Is the top epoxied to the base Chip? Nice looking piece...


----------



## sandchip (Feb 15, 2013)

I made it with scraps that I had kept from various jobs. The marble is from an old bank countertop left over from a sign I made for the city hall that had moved into the old bank building. Laid out the hexagon and used a diamond blade on a circular saw, clamping a straightedge for a guide for each cut. Belt sanded the saw marks out, and also beveled the edges with the sander too. Then I took a large sharpening stone and water and rubbed it by hand for the final finish. I didn't want any fasteners showing so I set a threaded rod in epoxy in the underside of the top, which screwed into a coupling nut that I set in a hole in the top end of the spindle.


----------



## sandchip (Feb 15, 2013)

...


----------



## sandchip (Feb 15, 2013)

...


----------



## sandchip (Feb 15, 2013)

...


----------



## sandchip (Feb 15, 2013)

A couple of shots of the leg attachment. I dovetailed the legs into the base of the spindle, which was probably the biggest challenge to get right. I don't have any fancy equipment, only a homemade router table, so close tolerances are a little tough to manage. It really makes one appreciate the early furniture makers, who turned out extraordinary pieces with no power tools whatsoever.


----------



## sandchip (Feb 15, 2013)

...


----------



## Penn Digger (Feb 15, 2013)

A very nice gift indeed.  Well done!


 PD


----------



## cobaltbot (Feb 16, 2013)

Great work, she has to be thrilled with that!  I have a lot of green marble around here and want to start cutting small pieces to work into something.


----------



## Steve/sewell (Feb 16, 2013)

Nice Jim!![sm=thumbup1.gif],when I was young and poor (now old and poor) I made a lot of colonial furniture for our first house. Some of the pieces survived that I did a good enough job on. That looks like it was  a lot of fun to make and it really is the ultimate gift for someone. Now dont forget the long stem roses,Candy, Buildlabear,do the wash,neck massage,foot rub.......and then maybe your next expensive bottle purchase will be explained and excepted more easily.....yeah right[8D]


----------



## frozenmonkeyface (Feb 16, 2013)

What an amazing and thoughtful gift!!! I bet she was delighted!


----------



## UncleBruce (Feb 16, 2013)

Classic three leg table needs no leveling.  Sweet gift.  [sm=thumbup.gif]  PS I despise people with talent [8|] ... NOT!  Thanks for sharing.


----------



## bostaurus (Feb 16, 2013)

I know she will cherish that table.  It is lovely.  What kind of wood did you use?


----------



## sandchip (Feb 16, 2013)

> ORIGINAL:  Steve/sewell
> 
> Now don't forget the long stem roses, Candy, Buildlabear, do the wash, neck massage, foot rub.......and then maybe your next expensive bottle purchase will be explained and accepted more easily.....yeah right[8D]


 
 You got that right, brother!

 Melinda, the legs are old growth pine salvaged from a house Daddy tore down back in the early '70s.  The spindle is a section of a treated pine 4 x 4 left over from a job that had unusually tight grain for what you see in the lumberyard nowadays.

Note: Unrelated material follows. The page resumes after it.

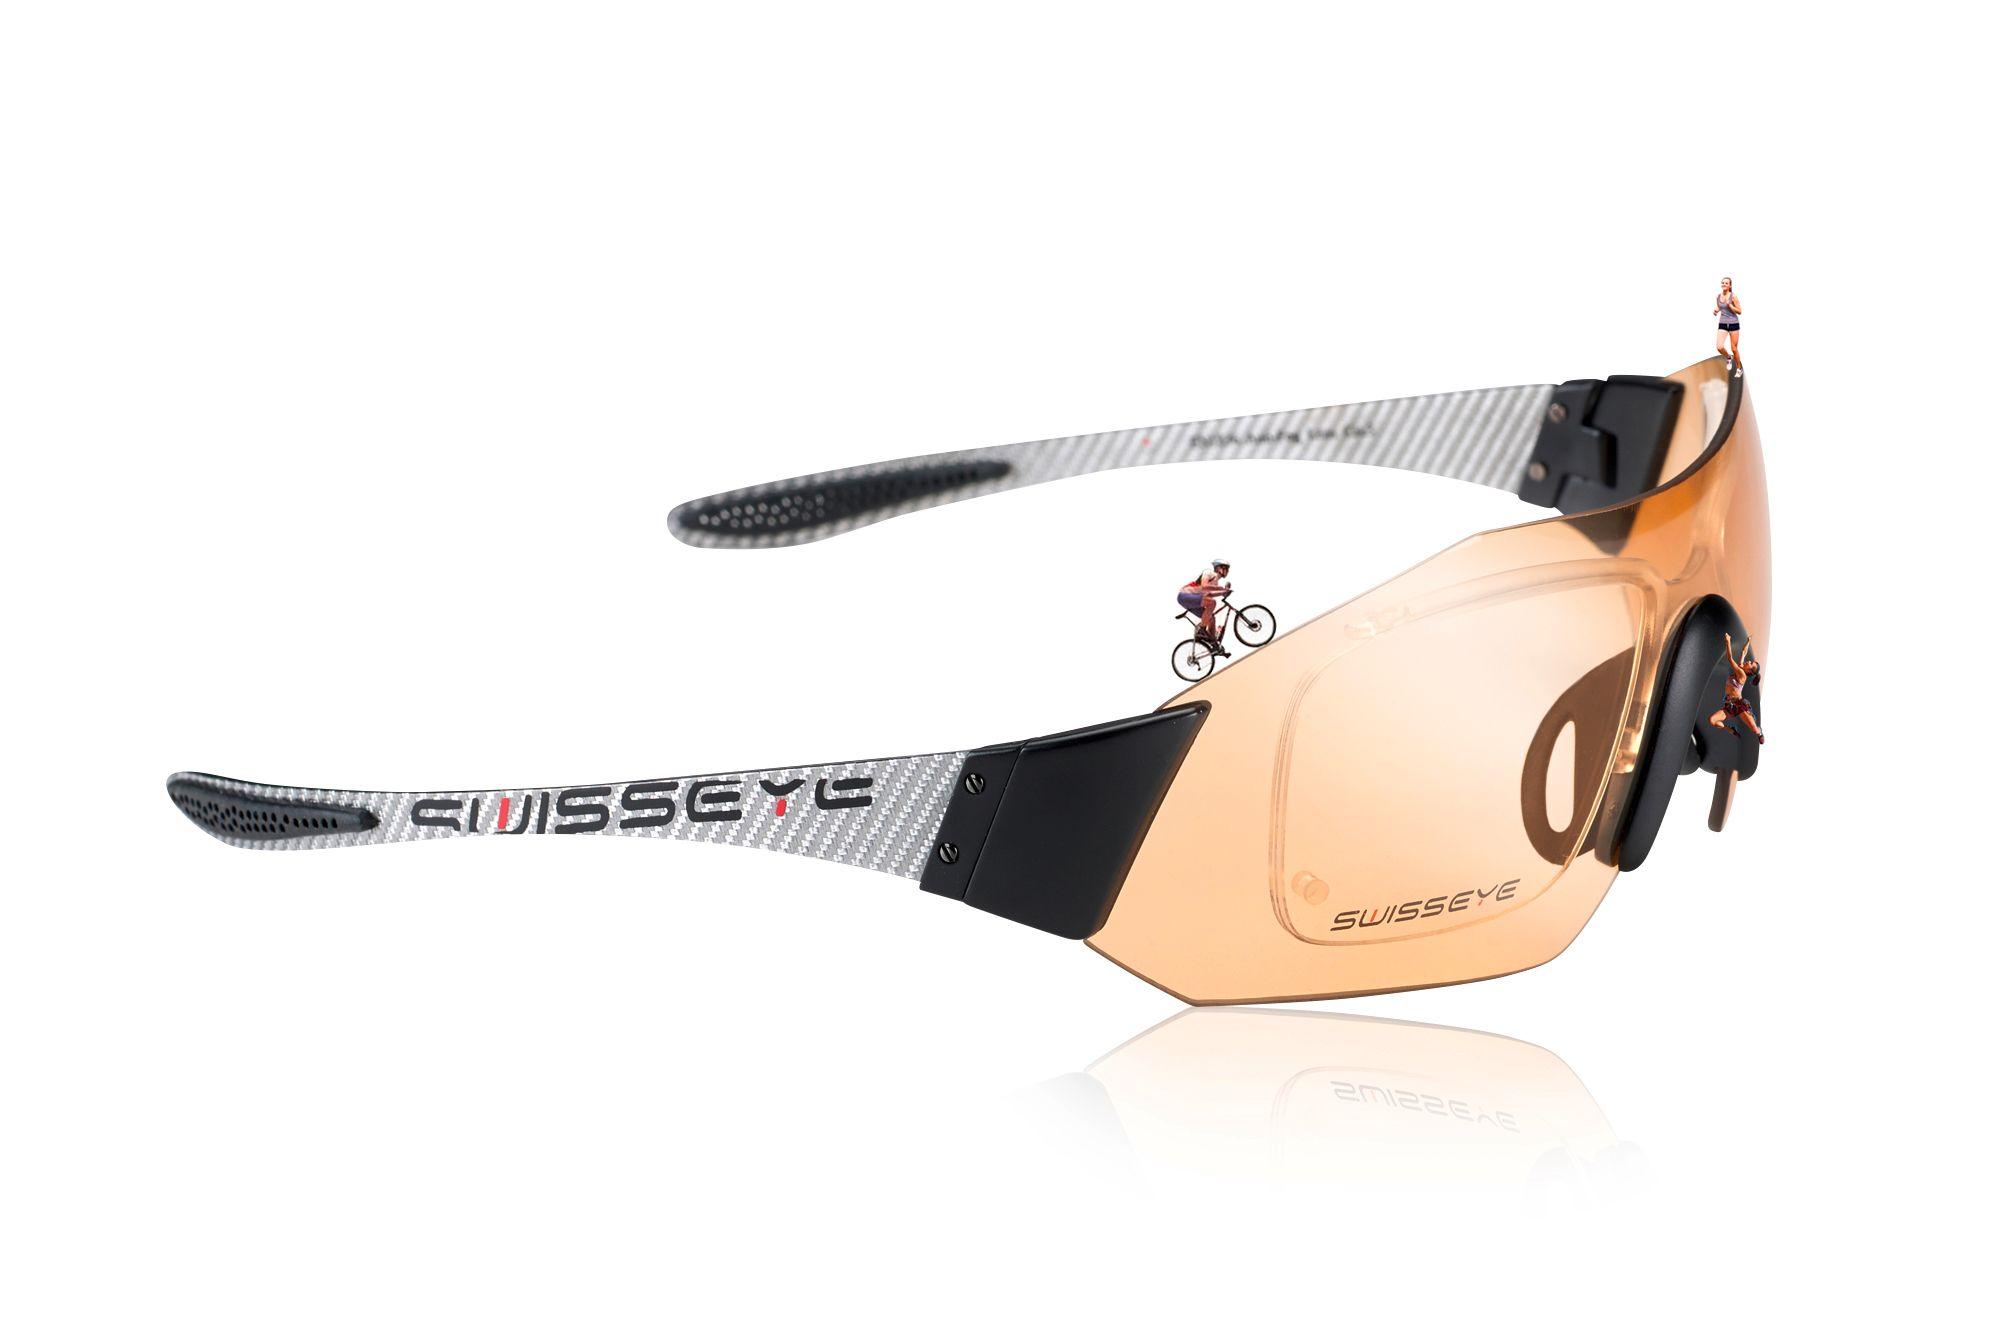 Sportbrillen in Sehstärke bieten bezahlbaren Schutz

 By the way, I wouldn't be able to do much of anything if it hadn't been for Daddy.  So really, he gets the credit here, not me.  I just wish he was still around to show it to.


----------



## Plumbata (Feb 16, 2013)

That is a slick looking table and the pine does indeed look particularly good relative to what is usually available. Also, great work on the joinery, and with a home-made router table no less!


----------



## frozenmonkeyface (Feb 18, 2013)

I'm sure he sees it and how good you are to your sweet bride.


----------



## Stardust (Feb 19, 2013)

Very sweet ! I always love a handmade gift! 
 I bet she loved it! Great job!
 Thanks for sharing!


----------



## AMChandler (Feb 21, 2013)

Gorgeous! Great job.


----------



## sandchip (Feb 21, 2013)

Thanks, everybody.  I really do appreciate the kind words.


----------